Oui à l’égalité des chances

Et cet argument fallacieux de l’égalité pour imposer la réforme doit immédiatement être rejeté. Les propositions de notre ministre posent les fondements d’un système à deux, voire trois vitesse. Un enseignement public complètement désorganisé, où la transmission ne se fait plus, où ne se retrouveront que les plus défavorisés socialement et économiquement. Un enseignement privé sous contrat qui contourne plus ou moins la réforme pour tenter de sauver ce qui peut l’être. Et pour finir, un enseignement hors contrat d’élite, qui permettra aux jeunes des familles les plus aisées d’acquérir un solide socle culturel. Ils n’auront plus qu’à asseoir leur domination sur un troupeau abêti et sans autre horizon que ce que dénoncent les mouvements les plus à gauche : le travail au service d’un patronat rapace et la consommation à outrance avec les miettes qui lui sont redistribuées.

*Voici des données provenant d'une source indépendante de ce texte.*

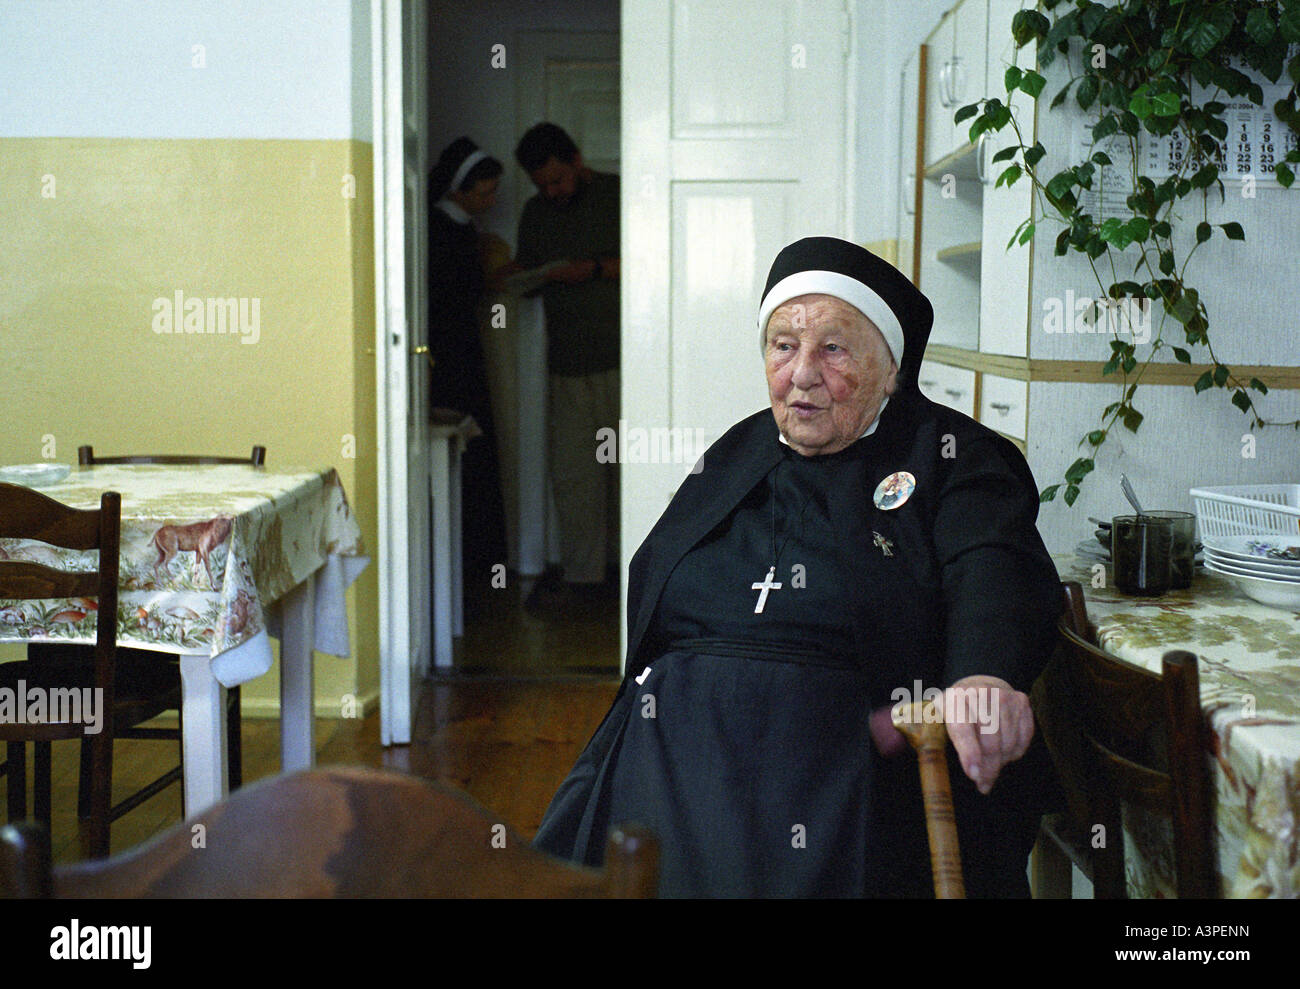 Ältere Nonne sitzen in einem Speisesaal des Klosters in Komancza, Polen Stockfoto

Il faut se battre pour que le nouveau collège intègre ces populations plus fragiles, que ce soient les primo-arrivants issus de l’immigration, les fils d’ouvriers, les jeunes des quartiers favorisés, tous doivent pouvoir avoir accès à ce substrat culturel qui élève et inclut. Ne les abandonnons pas !

Anne-Claire Tranchant est professeur de collège en histoire-géographie.